Istahil Ma’alin, who has an autistic son, said, “They told us that what our eyes feel, they feel it, too.”
Dr. Magnan said possible next steps included extending the study to Minneapolis suburbs or other cities with Somali populations or doing a study based on medical diagnoses that would try to determine autism rates statewide. But she added that creating statewide registries was difficult and expensive, even for easier-to-diagnose illnesses like cancer.
Dr. Magnan noted that this study found “strikingly low” numbers of Asian and American Indian children in the same special-education classes. But she cautioned that the reason might not be lower autism rates; instead, parents might not be enrolling their children in those classes, or might be sending them to private schools.
The study was done in consultation with the federal Centers for Disease Control and Prevention. Coleen Boyle, director of the agency’s division of birth defects and developmental disabilities, called the study well done but preliminary, adding, “It highlights the importance of ongoing monitoring.”
There are no plans yet to study autism in Somalis elsewhere or to do genetic studies, Dr.
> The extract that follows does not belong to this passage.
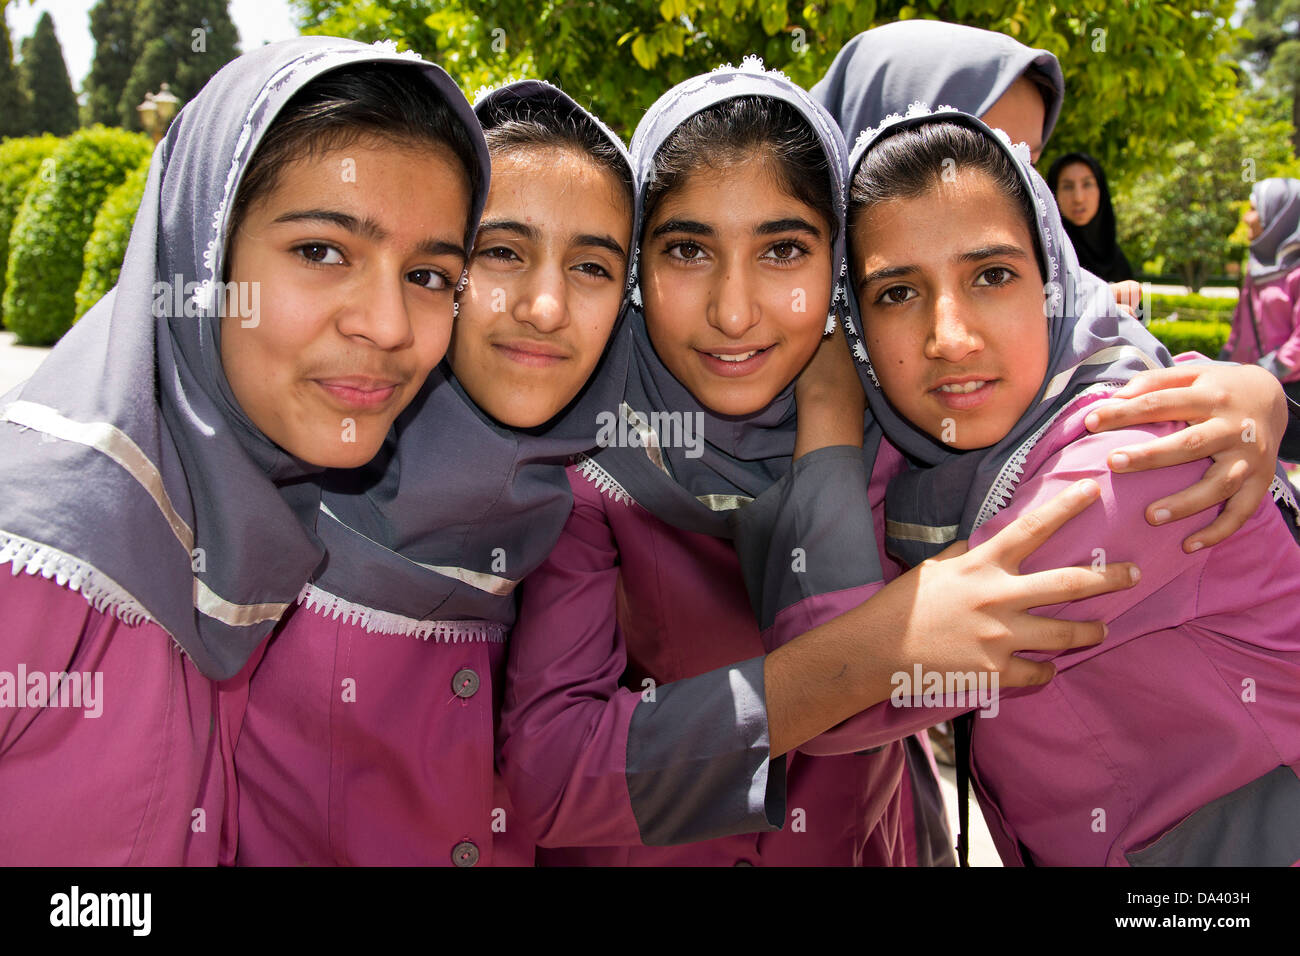 Asia, Iran, Shiraz, Eram And Nerejestan Garden, Girls

Boyle said.
The disease control agency monitors autism diagnoses among 8-year-old children in 14 sites around the country, and in 2007 it estimated that about 1 child in 150 had an autism-spectrum disorder. Rates are roughly the same for whites and blacks, Catherine Rice, another C.D.C. official, said recently. They are lower among Hispanics, possibly because of poor medical care or cultural reticence, she said. Too few Asians were monitored to make estimates.